Smoke billows from stacks as a Chinese woman wears as mask while walking in a neighborhood next to a coal-fired power plant on 26 November 2015 in Shanxi, China. Photo: Kevin Frayer / Getty Images

By Brady Dennis
26 January 2017 (The Washington Post) – It turns out there will be a conference in Atlanta next month about climate change and its effects on public health. It just won’t have the federal government behind it. The reason? Former vice president Al Gore. “He called me and we talked about it and we said, ‘There’s still a void and still a need.’ We said, ‘Let’s make this thing happen,’ ” said Georges Benjamin, executive director of the American Public Health Association. “It was a no-brainer.” News of a revived conference comes days after the Centers for Disease Control and Prevention abruptly canceled its long-planned Climate and Health Summit in the lead-up to the change in White House administrations.

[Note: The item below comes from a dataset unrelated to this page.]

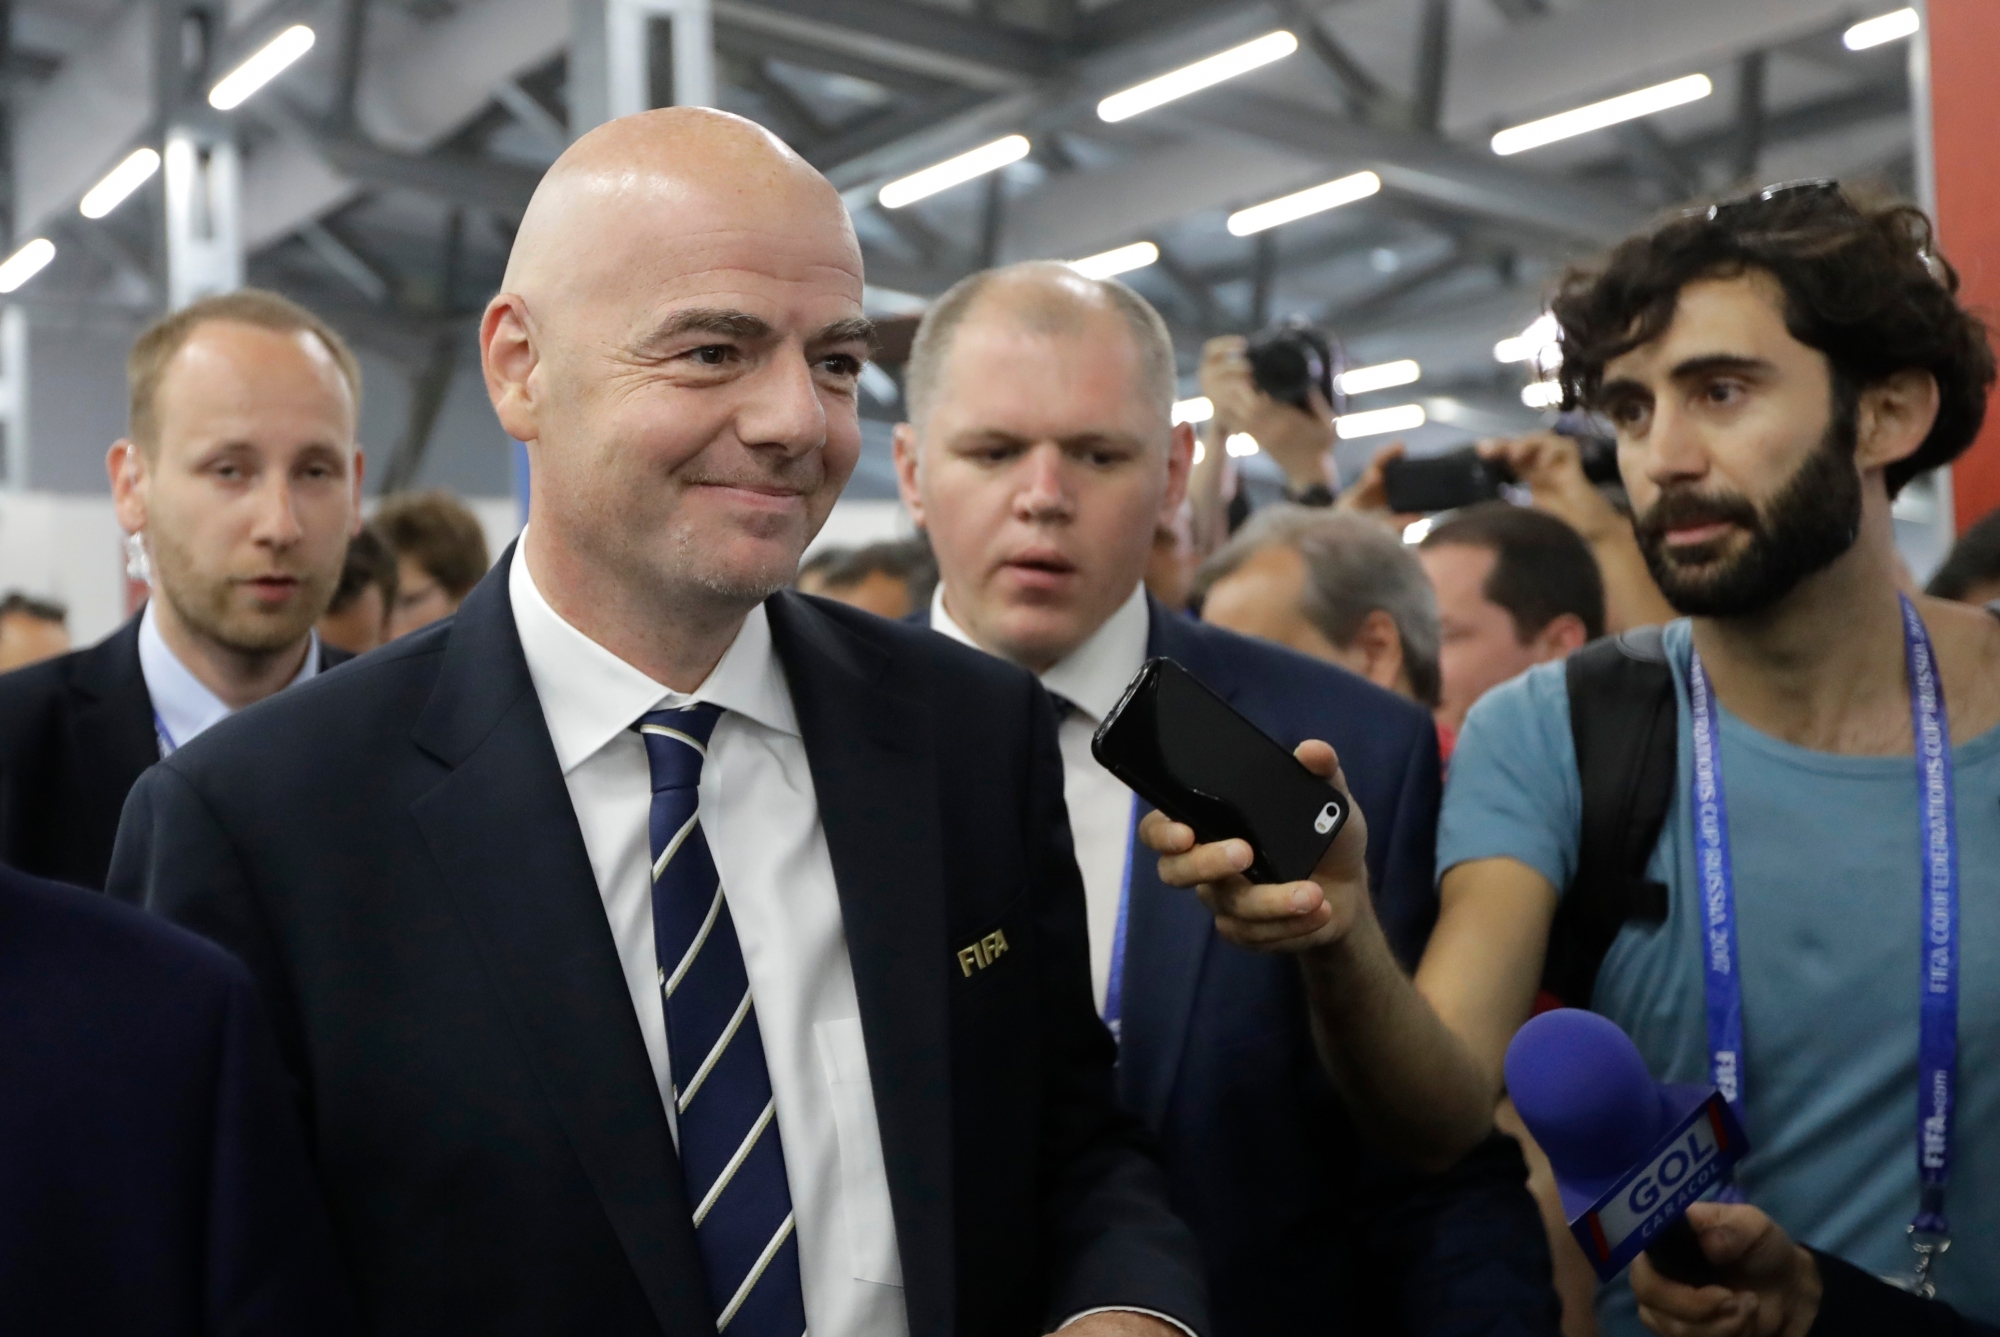 Surrounded by officials FIFA President Gianni Infantino seen during his visit to Media centre prior the Group A soccer match between Portugal and Mexico, at the Kazan Arena, Russia, Sunday, June 18, 2017. (AP Photo/Sergei Grits) Soccer Confed Cup Portugal Mexico

Benjamin called the move a “strategic retreat” given the climate skepticism of the incoming administration. […] The CDC’s move last week exasperated some environmental and public health advocates, who see the issue as an increasingly urgent one and argue that the agency should have gone forward with the summit unless told otherwise by the Trump administration. “The meeting was important and should have been held,” one scheduled attendee told The Post. “Politics is politics, but protecting the health of our citizens is one of our government’s most important obligations.” [more]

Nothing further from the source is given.